1. Wings Of The Morning

2. Boulevard

3. Bag Of Bones

4. All My Honey

5. When It All Becomes Available

6. Let Go

7. Maybe Tomorrow

8. The Days You've Made

9. Montpellier On Ice

10. Yes I Do

11. Billy And The Snakecharmer

12. Leave Me With The Sinners

13. Love It

14. Genius Alert

15. Work On It

At the end of the eighties and then the early nineties the Baggy sound morphed into Britpop and all the cool cats were producing 60’s Beatle style psychedelia. Diesel Park West drew on the 60’s for inspiration but dug deeper and took different reference points for their style, so it seems they were not considered part of the cool cats. In 1997 frontman and chief songwriter John Butler released a solo album, 'The Loyal Serpent', which did not get the accolades it deserved at the time.

After spending 21 years off the radar, the American label, Palo Santo Records, has taken what Q magazine called “intoxicating alchemy of Celtic-like passion” and delicately remastered and reassembled the parts for 2018. So does it sound dated like some of those Britpop compilations. A snap shot in time, or has it grown in stature?

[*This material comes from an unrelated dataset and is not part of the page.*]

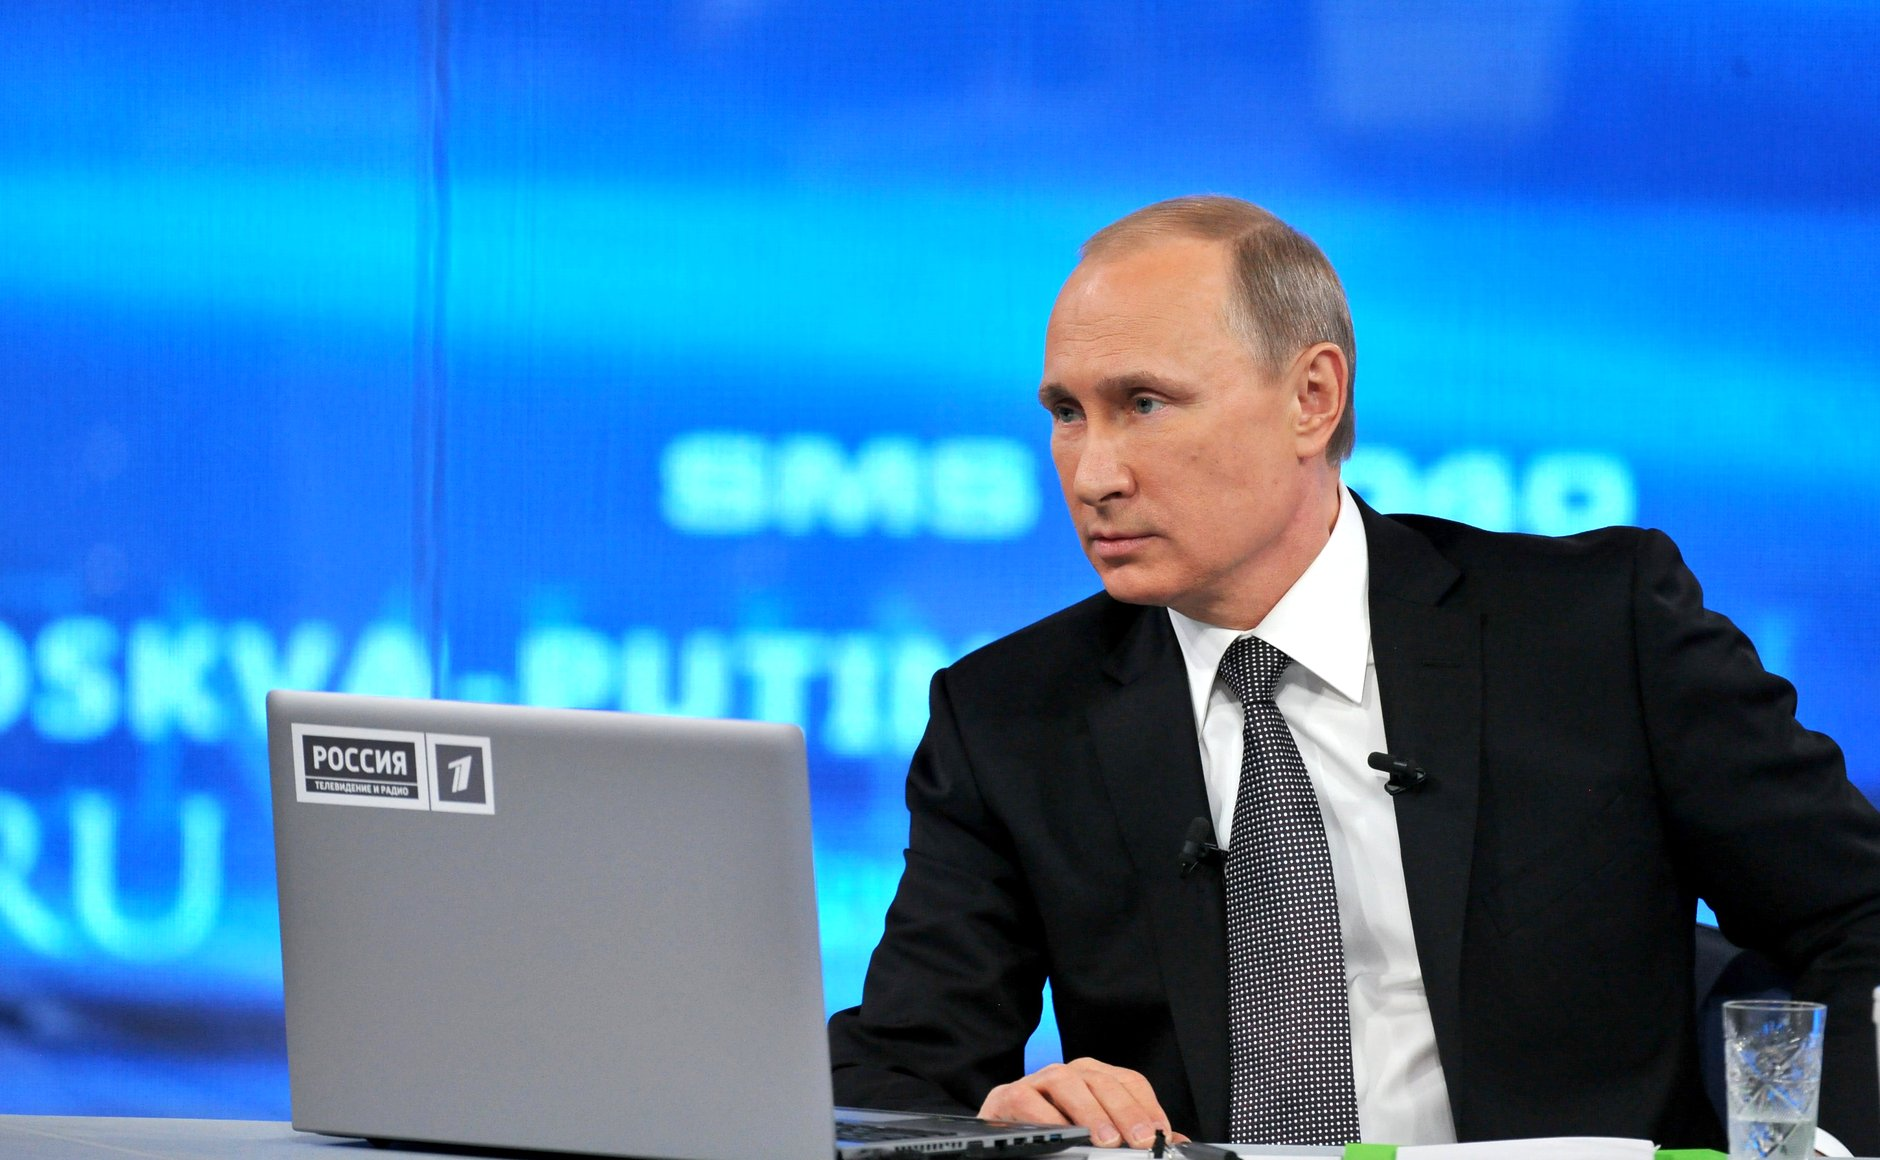 http://mininformrd.ru/media_library/%d0%b2-%d1%8d%d1%84%d0%b8%d1%80%d0%b5-%d1%82%d0%b5%d0%bb%d0%b5%d0%ba%d0%b0%d0%bd%d0%b0%d0%bb%d0%be%d0%b2-%d0%bf%d0%b5%d1%80%d0%b2%d1%8b%d0%b9-%d1%80%d0%be%d1%81%d1%81%d0%b8%d1%8f-1/

The answer is the latter as far as I am concerned.

It opens with ‘Wings Of The Morning’ which has a very conventional 90’s Baggy intro, but then develops and grows with sweeping guitar riffs. You can see how this album all those years ago bucked the trend. It is obvious that John Butler has taken different points of reference from the sixties with the second track, ‘Boulevard’ instead of a long guitar with lots of trippy reverb there is a short drum intro and then straight into the vocal. The lyrics are delivered with a punchy rhythm backed with nice keys. This is predominantly a Small Faces style with really glorious organ. There are psychedelic interludes now and again.

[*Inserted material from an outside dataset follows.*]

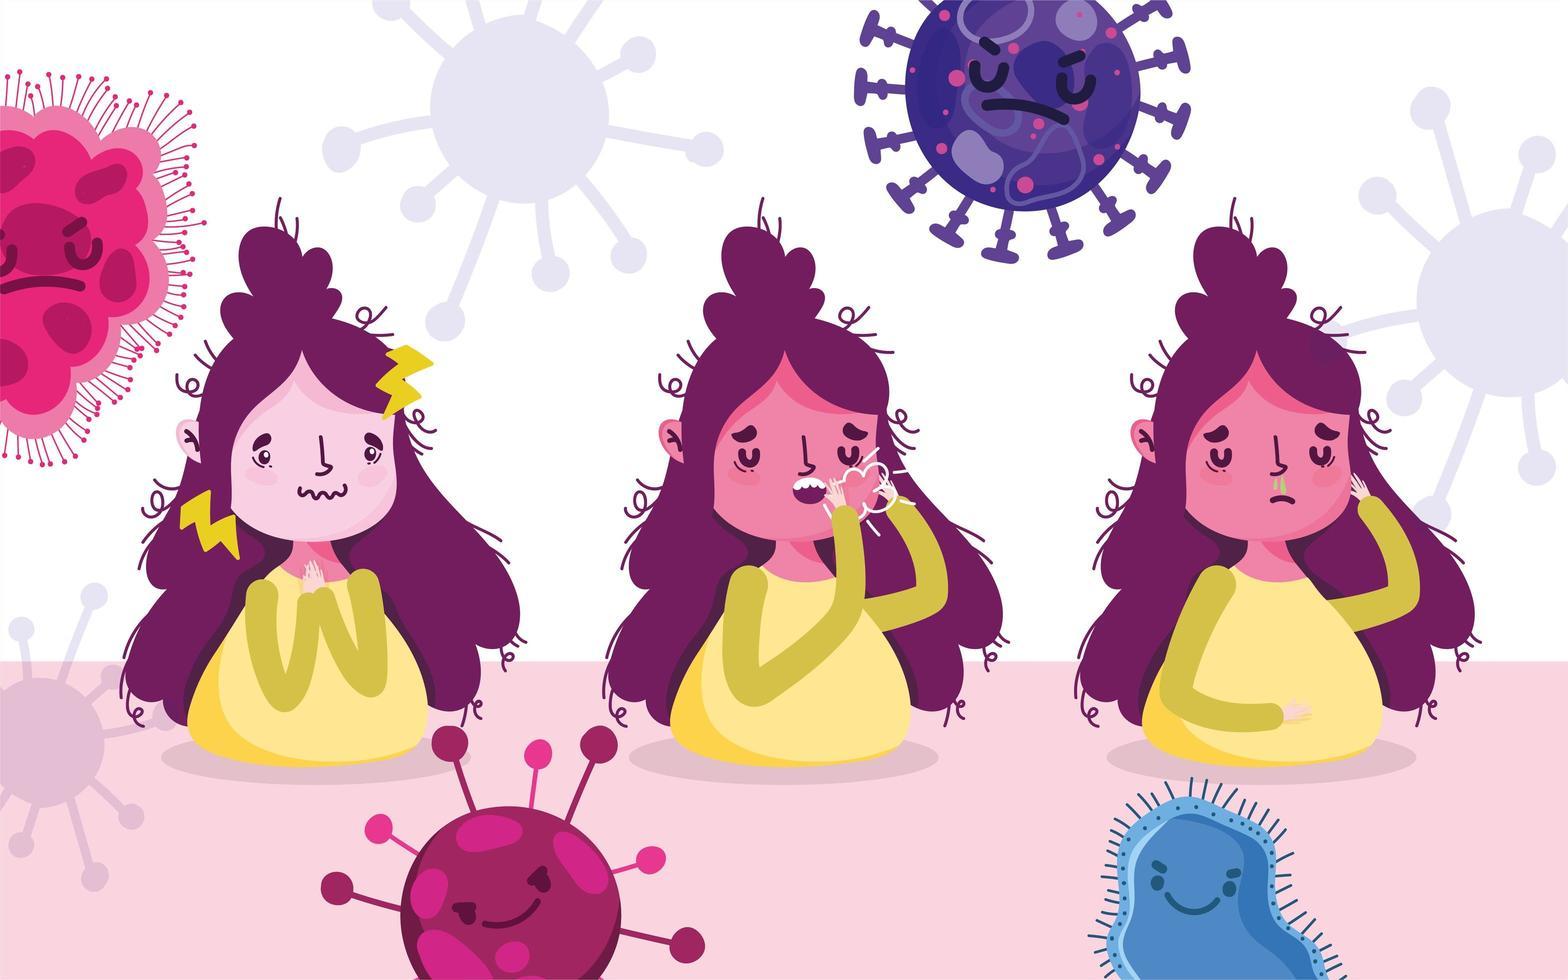 design pandêmico 19 com mulheres com sintomas vetor

So after the first 2 songs you realise that this album will not necessarily follow a formulae. Another great lyricist obviously inspired John Butler as there are more than hints of Bob Dylan in ‘Bag Of Bones’ John’s Dylanesque lyrical drawl delivery, is backed with an epic soundscape of keyboards and guitar riffs. This track is a singalong foot tapper, if I have ever heard one. ‘When It All Becomes Available’ is a story told in a similar vein, as is ‘Let Go’ which is an inspirational singalong. As if to mark the passage of time ‘Maybe Tomorrow’ seems to give a nod to Travelling Wilburies, with dramatic backing like waves crashing and swirling in a stormy sea. With ‘Billy And The Snakecharmer’ John Butler tells a great story with a Bob Dylan style verse mixed with a Stones like chorus.

For me the stand out track is the attitude laden, punky ‘Montpellier On Ice’. From the opening line, . ‘That Kid just fell on his ass’ the rhythm is full of exuberance, rythym is great. Great horns catchy chorus. Builds lovely shout Montpellier. Ends with a crash and a groan like a Punk number.

The three bonus tracks are noticeably different from the rest of the album. The catchy 'Love It’ is an obvious single release for todays market. ‘Genius Alert’ is a funky number with more than a hint of later Stones. with muted scratchy riffs and John Butler shows his soulful side with ‘Work On It’

I do not know for the life of me why this album did not have more commercial success when it was first released. It did receive a four-star review in Q magazine upon its release via iconic British label Chrysalis Records and came out initially to great reviews. Maybe it was not cool enough for Cool Britannia, but it has stood the test of time and this release, I think sounds as fresh as it did 21 years ago.